Alternatives Considered

Alternative 1: Keep current architecture, harden the seams

Rejected. Three drift incidents in six weeks; the cost of NOT simplifying compounded with every feature added. The hospital public-website surface didn't justify the architecture's surface area.

Alternative 2: Replace dialogue manager with native OpenAI tool-calling

Rejected for the content-answering surface. Tool-calling is the right answer for agent problems (multi-step actions over external services); voice search over a curated corpus is closer to "ask the documents" than "execute a workflow". (Note: this judgement was reversed by ADR-0051 one week later, after pilot calls surfaced gibberish-input and language-request scenarios that benefited from LLM-driven recovery.)

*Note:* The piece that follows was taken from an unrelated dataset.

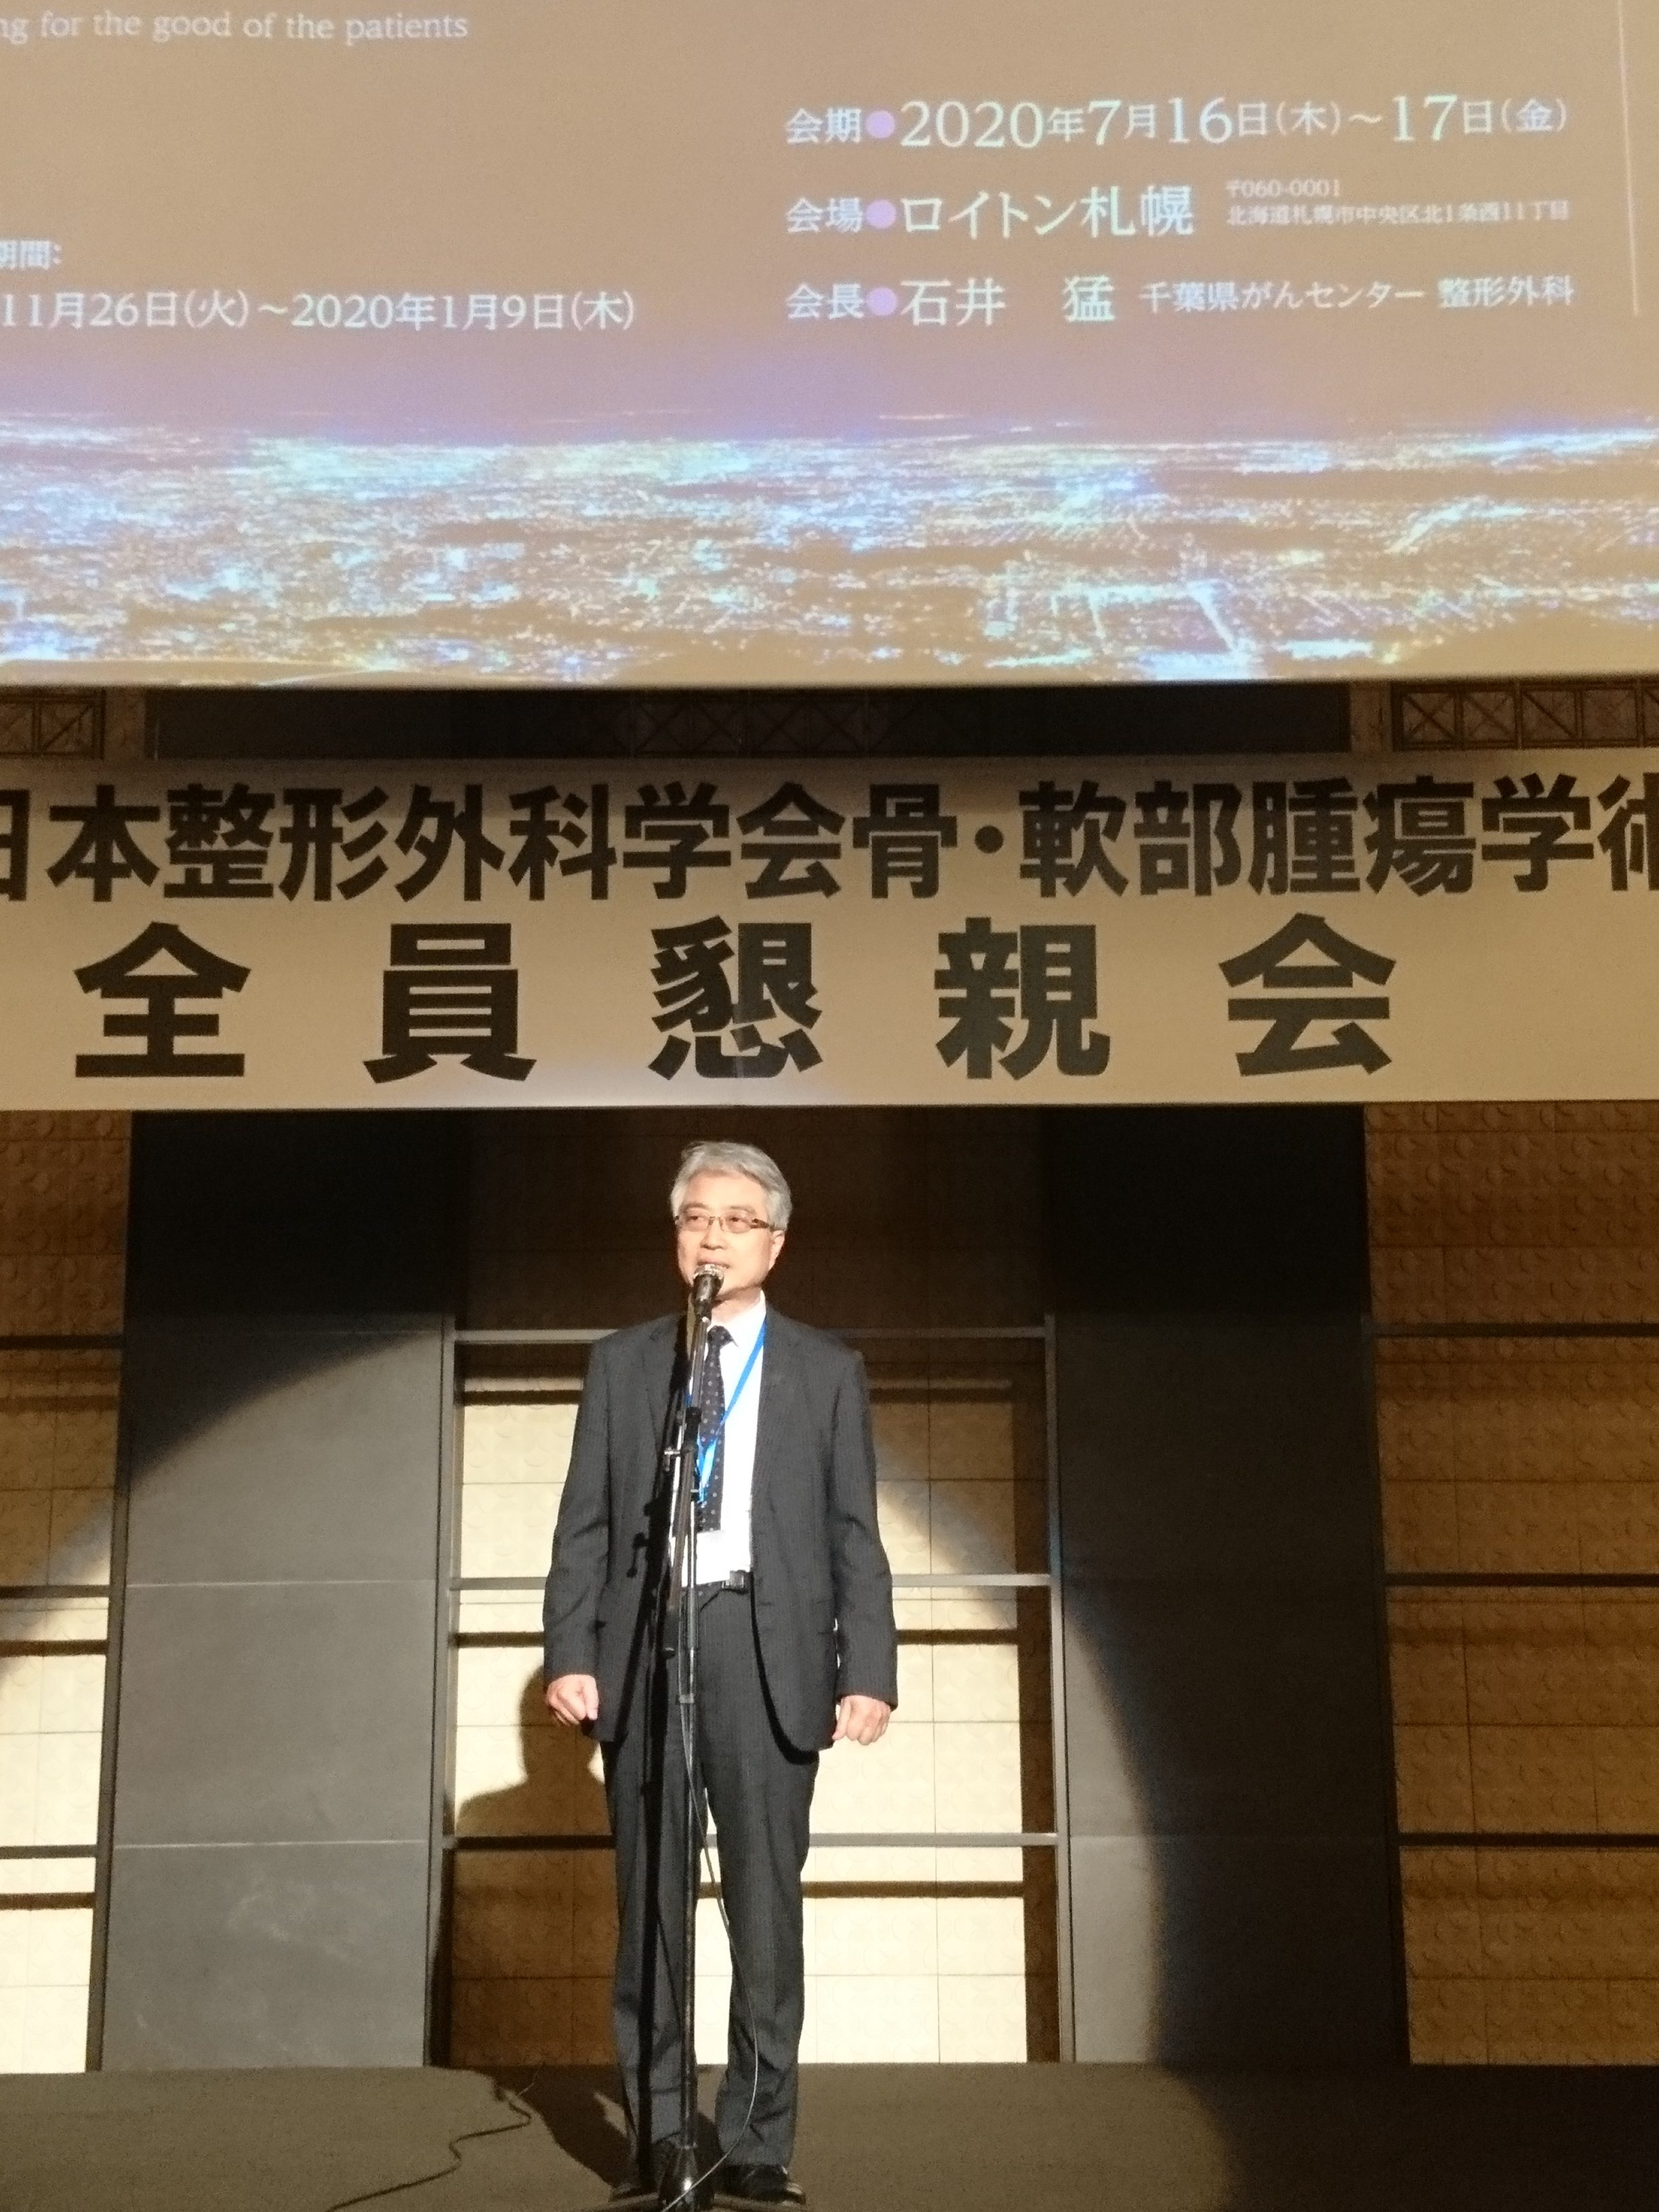 日本 整形 外科 学会 2020

Alternative 3: Rip out everything but RAG today, no A/B

Rejected. No safety net. Hospital surface = bad place to experiment without controlled comparison.

References

  • Drift incidents that motivated this ADR: 2026-04-30 dev-loop session (compose override / dialogue mis-routing / phone TTS / dim mismatch / redundant intent classifier). All five resolved separately, all five symptoms of the same architectural complexity.
  • ADR-0033 (superseded): BGE-M3 via Ollama
  • ADR-0048: text-embedding-3-large (foundation this ADR built on)
  • ADR-0051: the successor decision that replaced the thin pipeline with the agentic VoiceLLMOrchestrator.
  • Lewis et al., 2020 — original RAG paper; cited as the architectural precedent the thin pipeline collapses to.